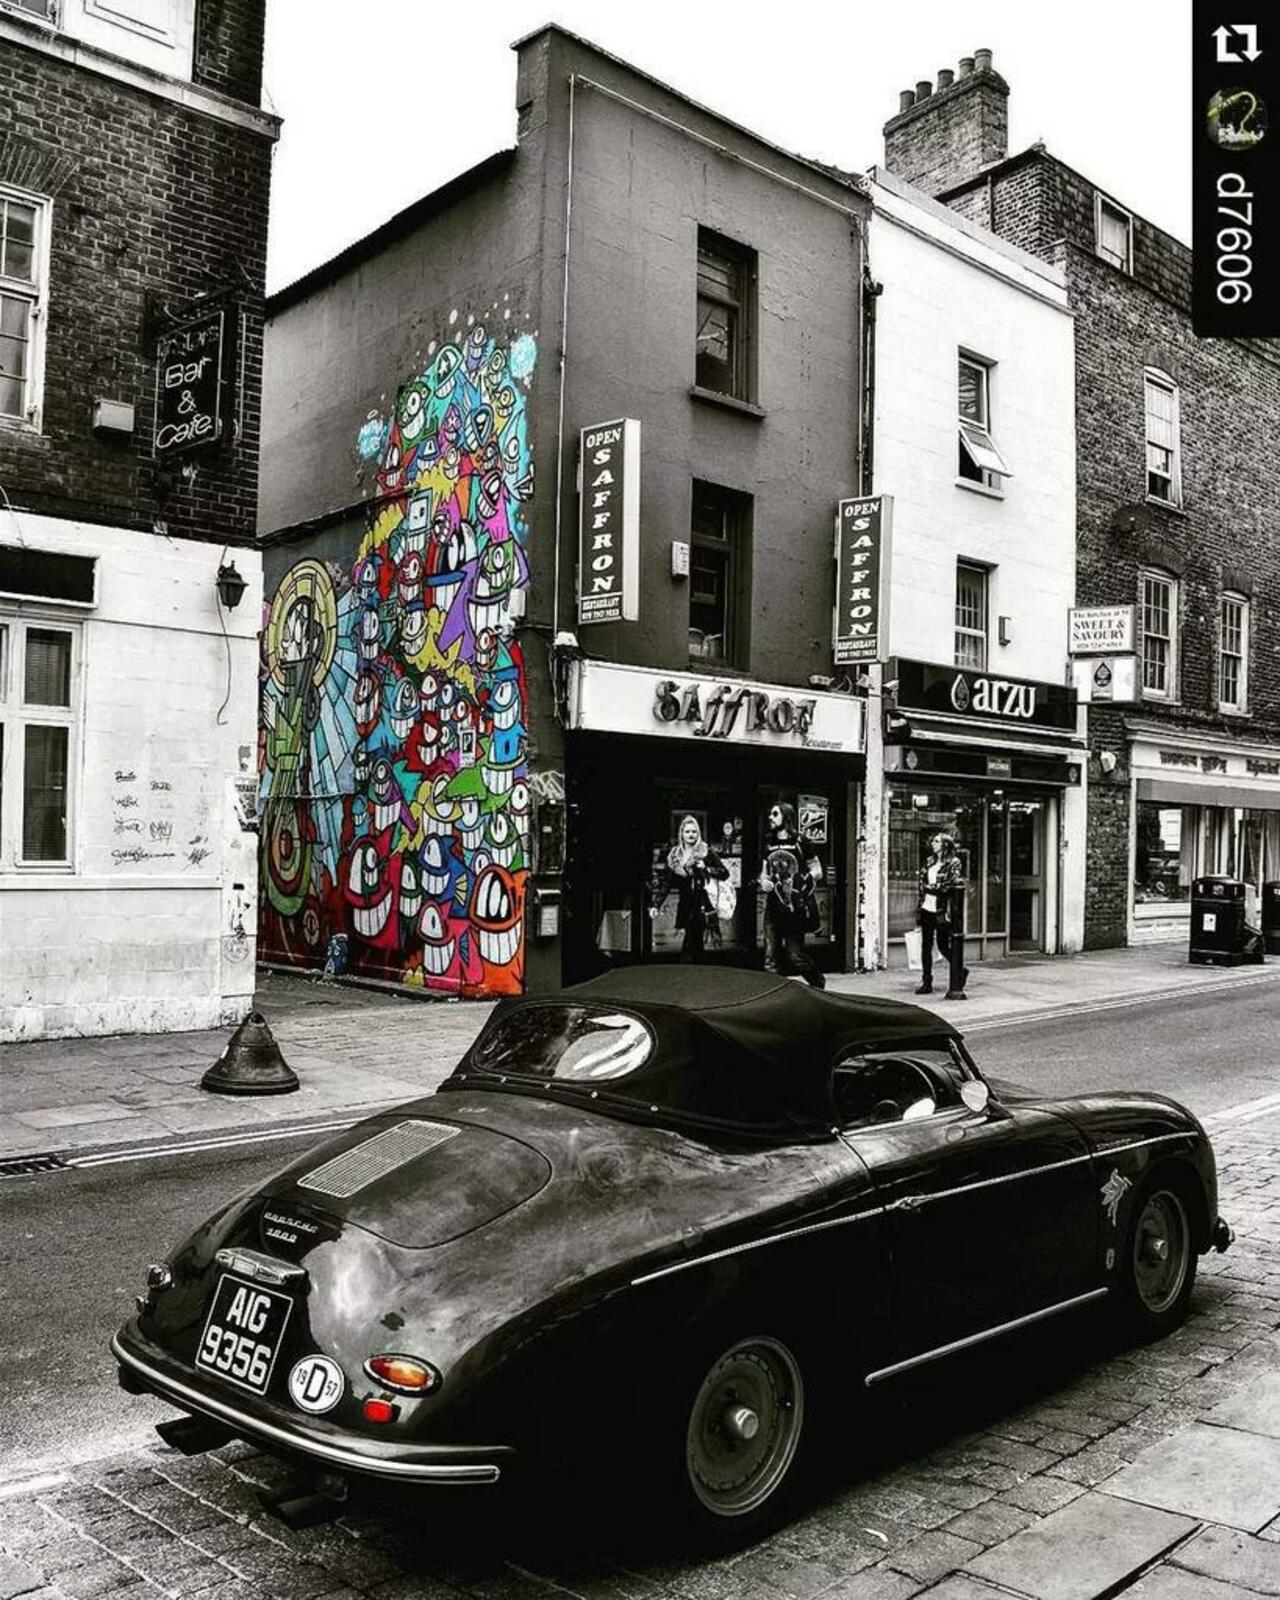 Love this photo.

#London #Graffiti
Photo by @xapictures
#StreetArt 
#ColourOnGrayscale http://t.co/RsRv6oW84k
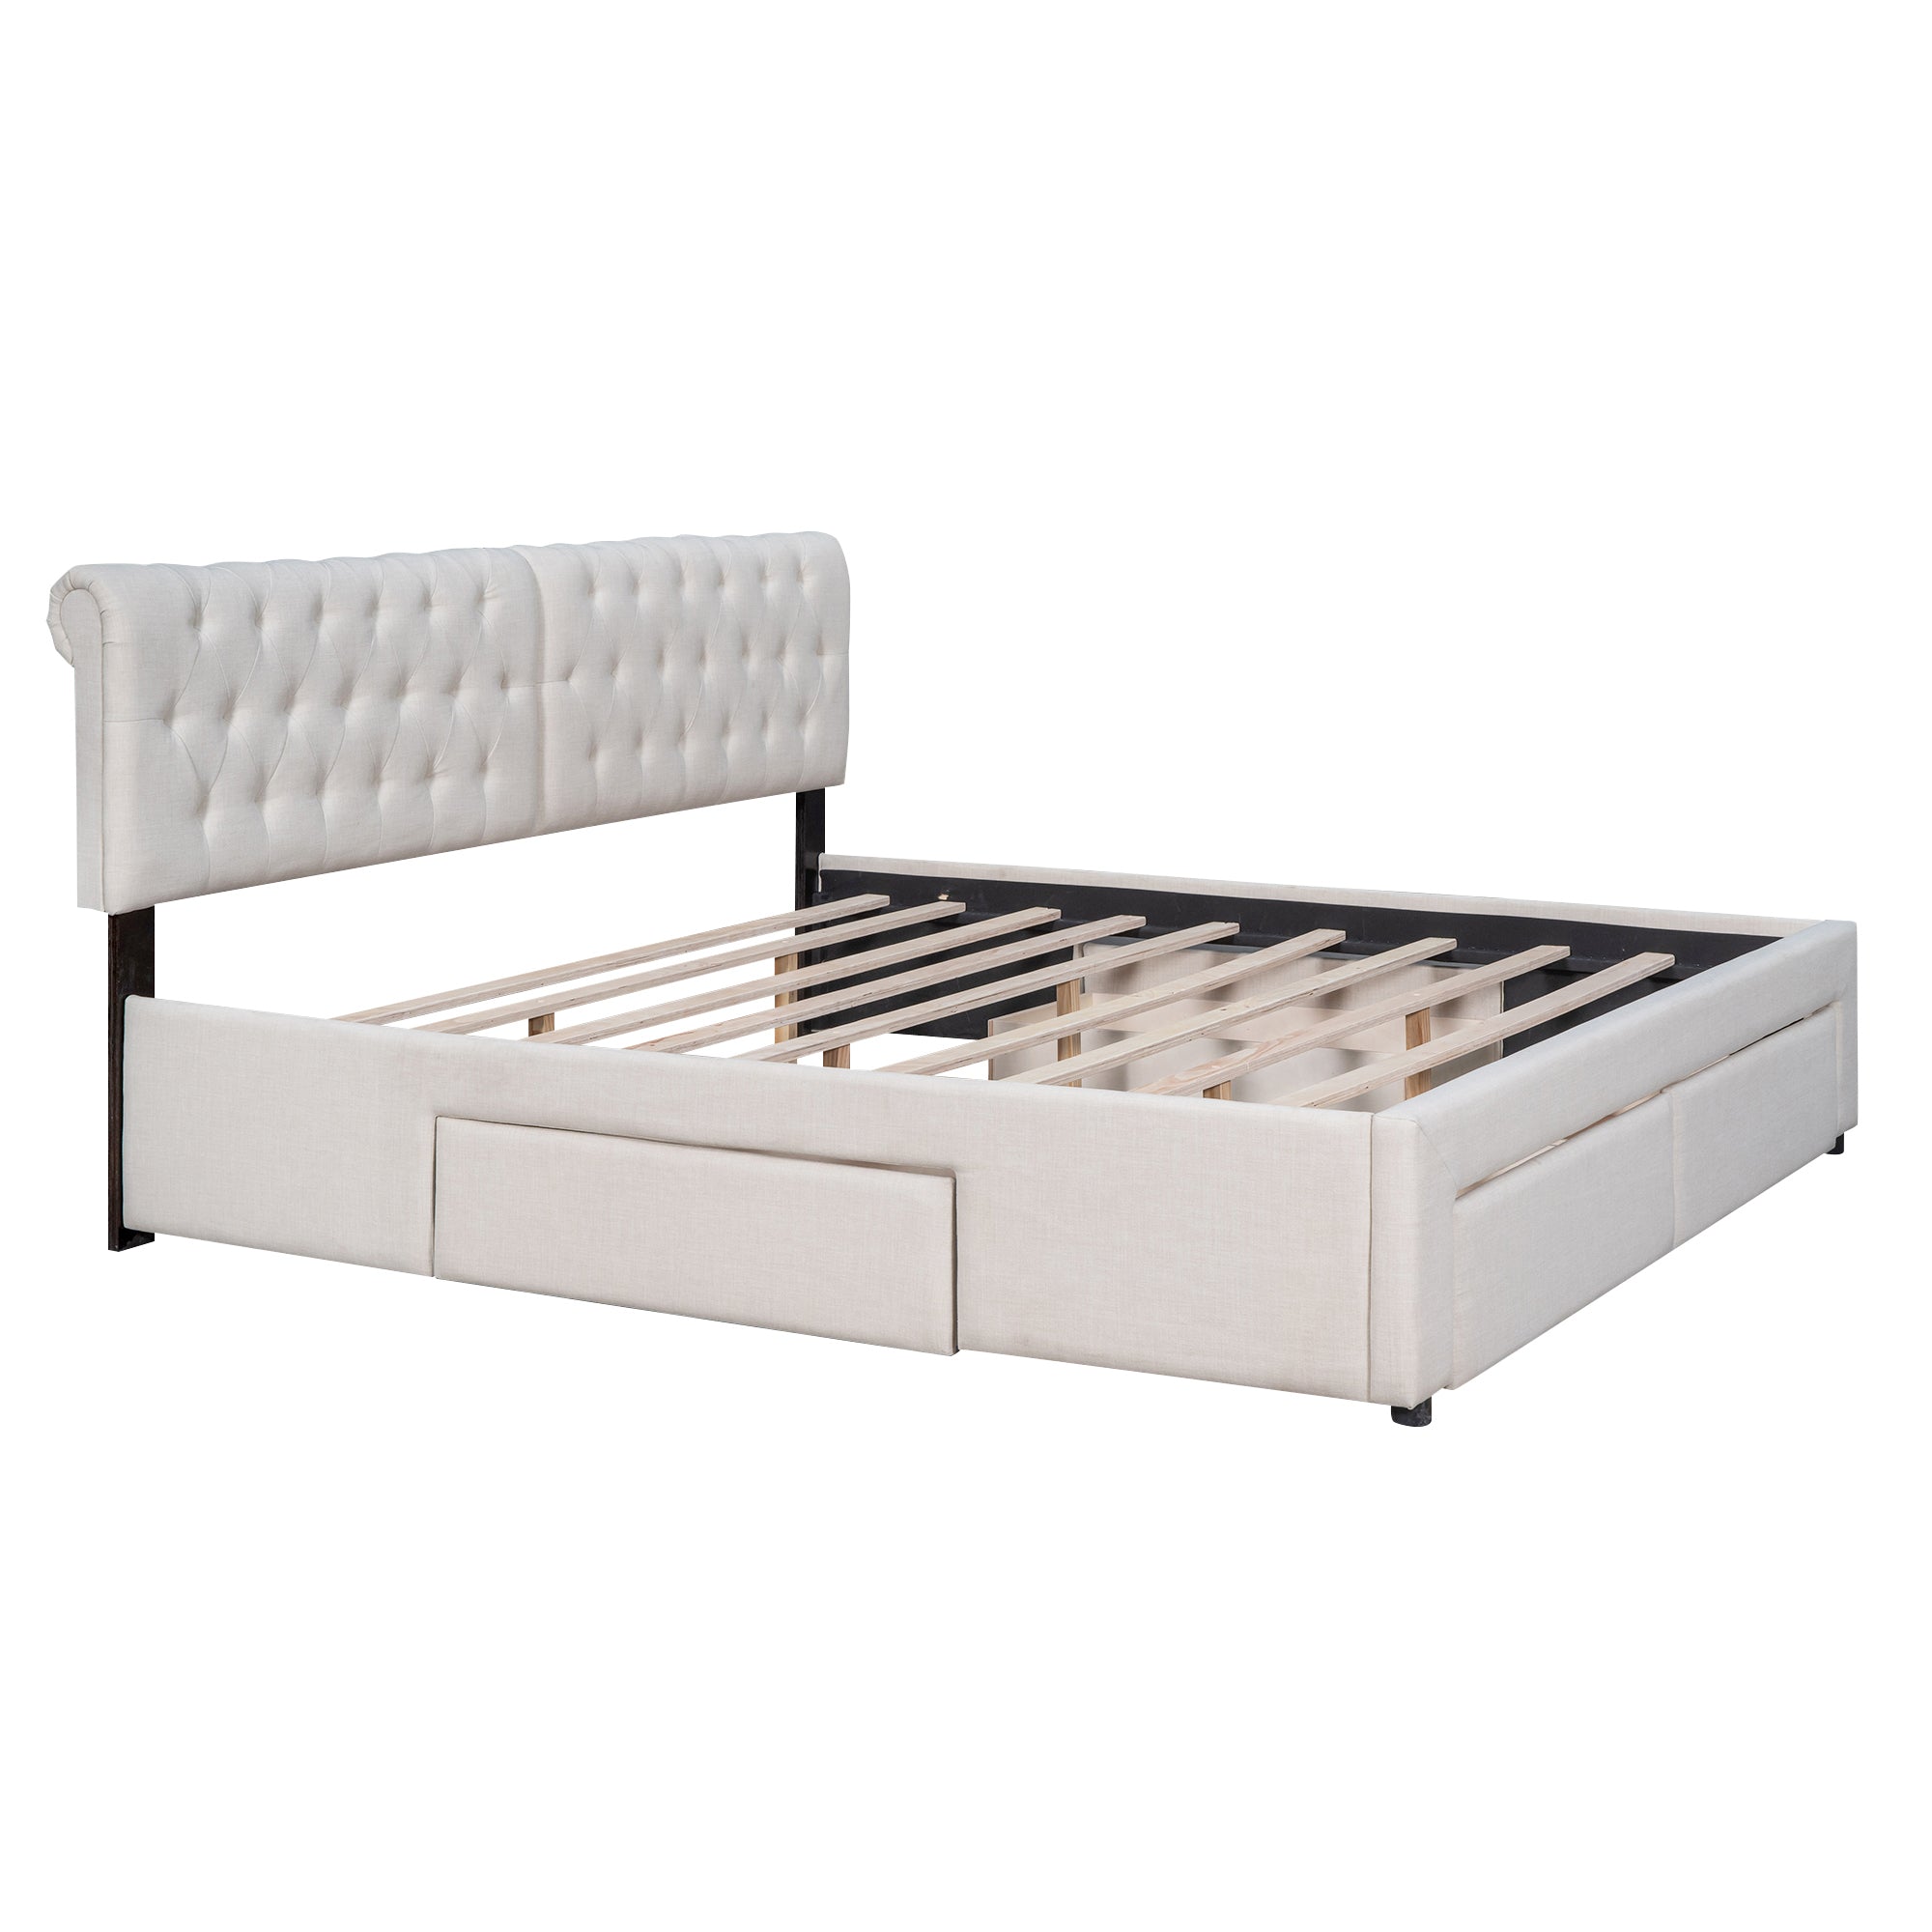 King Size Upholstery Platform Bed with Four Drawers - Beige

——

The records above are to be repeated word for word, with the pictures omitted.

 Love this photo.

#London #Graffiti
Photo by @xapictures
#StreetArt 
#ColourOnGrayscale http://t.co/RsRv6oW84k
 King Size Upholstery Platform Bed with Four Drawers - Beige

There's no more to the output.